Where is all this going? I don't know. Perhaps I want to ask myself why I decided to write on this blog, and I answered to myself that it is because it's the same feelings as I get when running. It's good practice to write, just like it is good practice to run. But I'm not exactly learning new tricks or writing 10x faster. Same old me. "Natural" writing,  like running, does not exist for me. I suspect writing on pure instinct exists for no-one. How can a person be a born writer? If such things were possible we'd have evidence of writing from 100,000+ years ago.

I don't find anything to be very natural, except the gimmes like breathing, eating, sleeping and exercising a little. Exercising a lot, less so. I am not a natural runner, at least not a natural racer. Yes, I have been running 'faster' since 2008 when I (properly) joined a running team, but growing up I had no natural speed, endurance, or love of running. I did have some appreciation of it, in that it suited my needs, yet it took five years into in high school to see that I liked it at all. I didn't love it in university, and still don't. Recently I stopped running, regularly and I don't terribly miss it. After four marathons I doubt I'll ever love a marathon unconditionally, or any distance in particular. Of course the atmosphere is usually fun, at least the first twenty eight kilometers, but still it's not an ultimate passion for me. For that matter track, cross country, road running are nice but not essential.

I've learned that my leaning habits make the world a curious place. For instance I don't see the difference between tasks; I find nothing especially easy or particularly hard. I rate "talking to people" on par with reading Moby Dick, watching a Nova special, or reading about physics. I have my strengths and weaknesses like everyone else but there's no special "talent" I feel to possess. I can pass any test with enough practice, and fail any test with too little. Point in case: At 16, after a not-so-careful studying for my learners permit, I was one question away from failing the written exam, but the section I knew more thoroughly I got perfect. A year ago at 29 I failed the WHMIS test, a test so legendarily easy that I've confessed this failure to practically no-one. But I wasn't for lack of trying as I answered the questions, more that I figured I could "tune out" some fraction of my brain as I listened to chemical safety. Not so, it would seem. Before I retook the test I decided to not only study to a compulsive degree, but also to find errors and contradictions on the WHIMS website, investigated poor application of labelling rules in the Otto Maass building, and sending email about these issues to boot. Using these powers of supercritical obsessiveness I got 100% in the second round. Perhaps it was a matter of revenge, but it I didn't care at the time because it worked. The same stories can be found anywhere: an opening-round first year physics quiz yielded a dismal 4/10 performance. I got overdrive-level obsessed, forgot everything else in the universe and received 10/10 for following five sessions. I didn't study for an english test in grade 11 and got 50%, a D-. I studied like crazy in grade 13 and got 90%. This attitude got me though my entire high school and undergraduate experience.
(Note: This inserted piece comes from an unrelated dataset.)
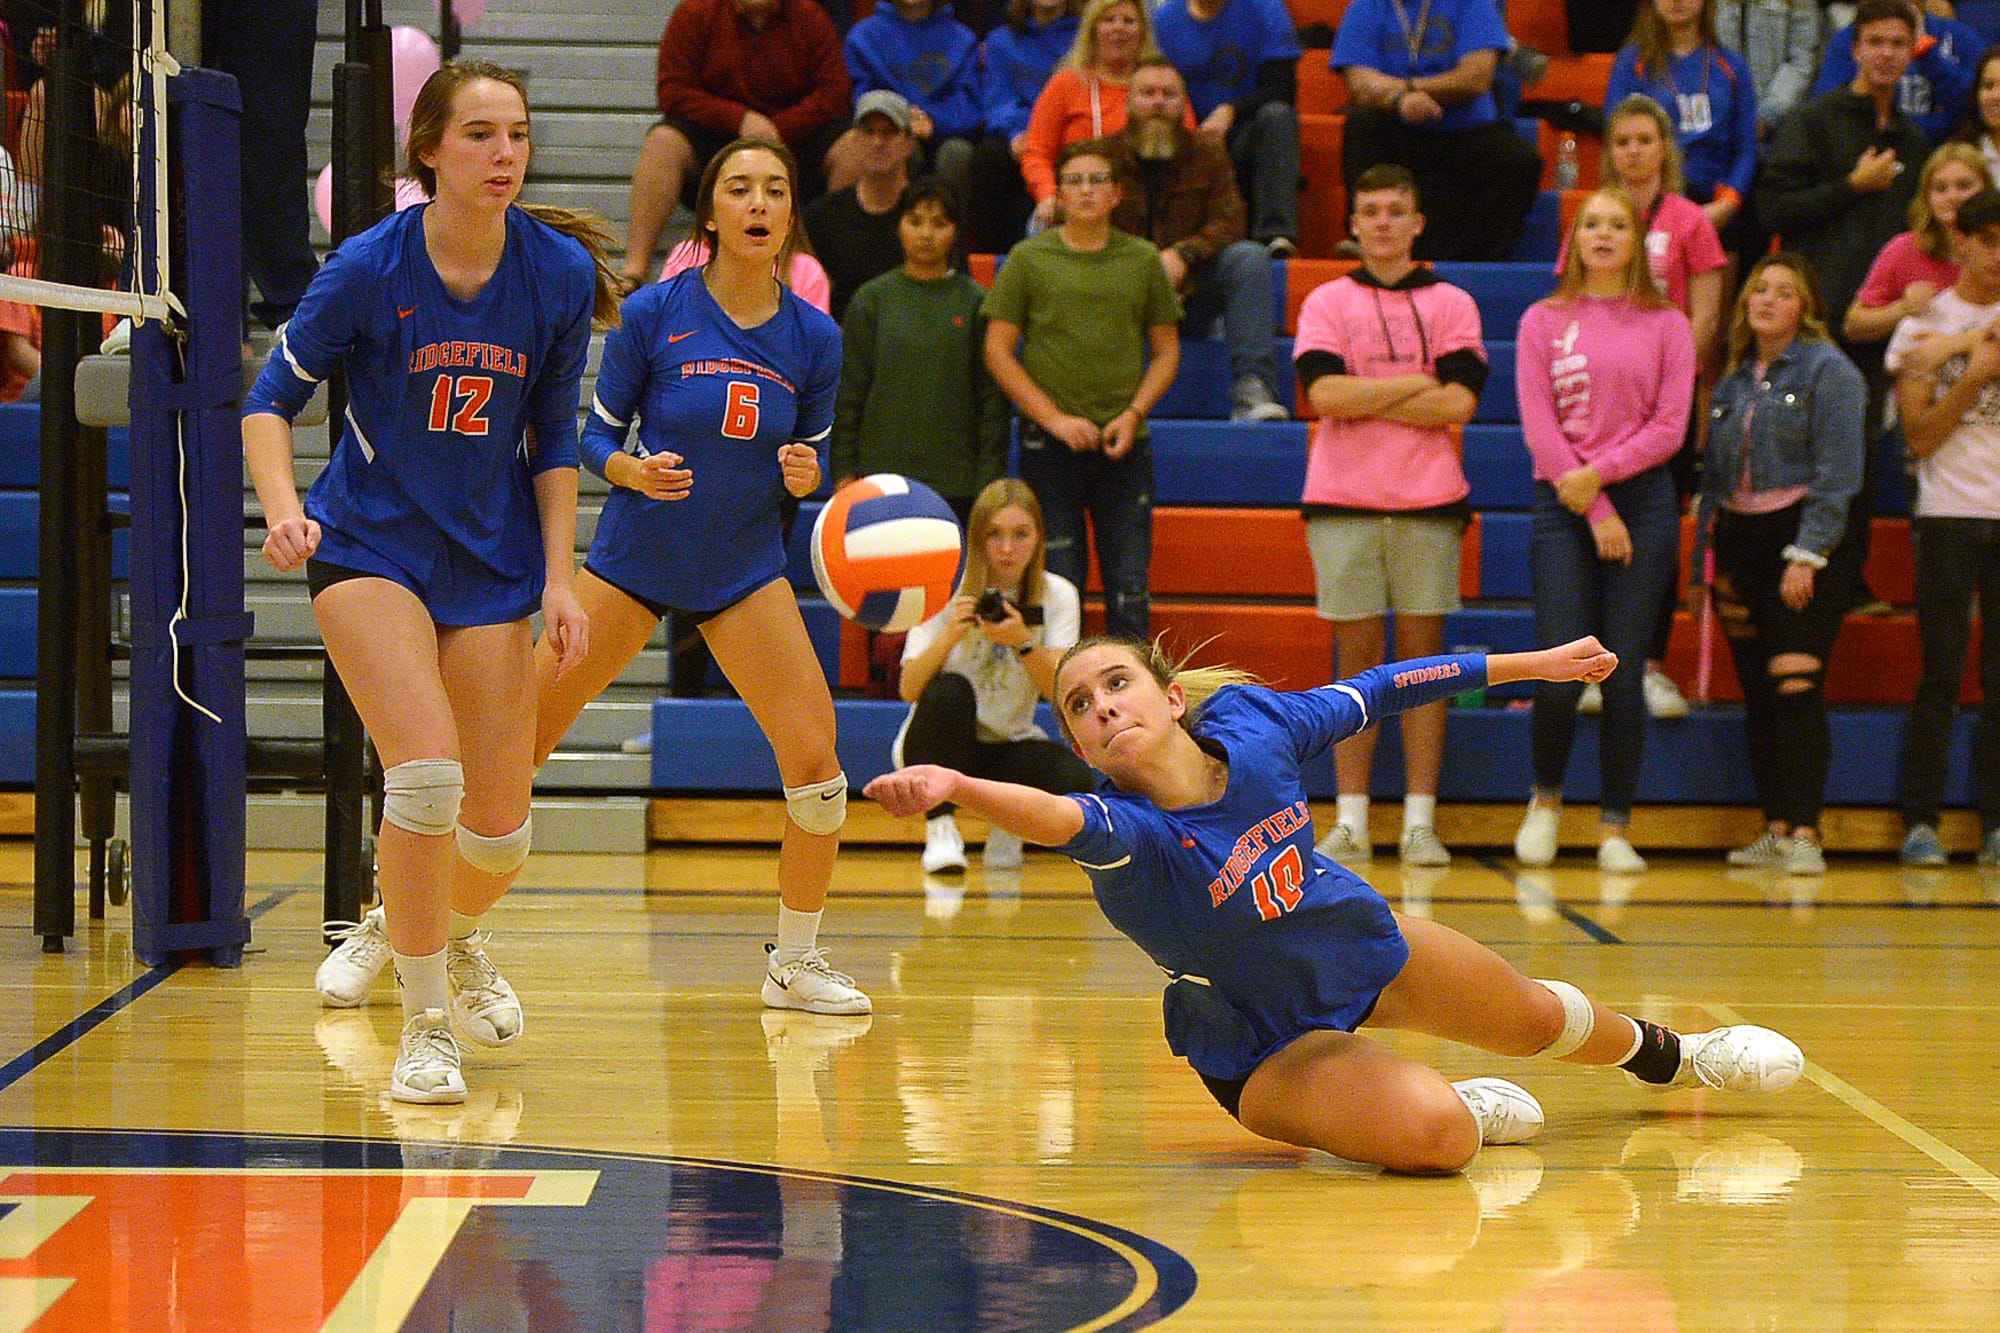 Ridgefield sophomore Morgan Harter is barely able to keep the ball of the floor during a game against Columbia River at Ridgefield High School on Tuesday, October 8, 2019. Ridgefield won all three sets against Columbia River.

Either 100% or 0%, like a halogen light bulb (at least the old kind).

Likewise my running and writing feels only a byproduct of utter focus. I was completely immersed in writing this blog between February and April. I posted something new at least three times per week. After this May I stopped obsessively re-writing entries and posting every thought that came to me, which at that time was a torrent, now a trickle. At the same time I have been told (and noticed, unsurprised) the severity of grammar errors increased. There's that kinship again between the two. This past weekend  I ran a small 10k this but did not train for it. I decided to do it "on instinct". It was only two months since I ran my fastest 10 miler ever, yet the result was my worst 10k since 2007. This is unsurprising to me. For me a single lapse of mental and/or physical preparation is the equivalent of doing nothing. Hence I drift from one topic to the next, as my own interest seems to be the only relevant factor. Let's see what happens.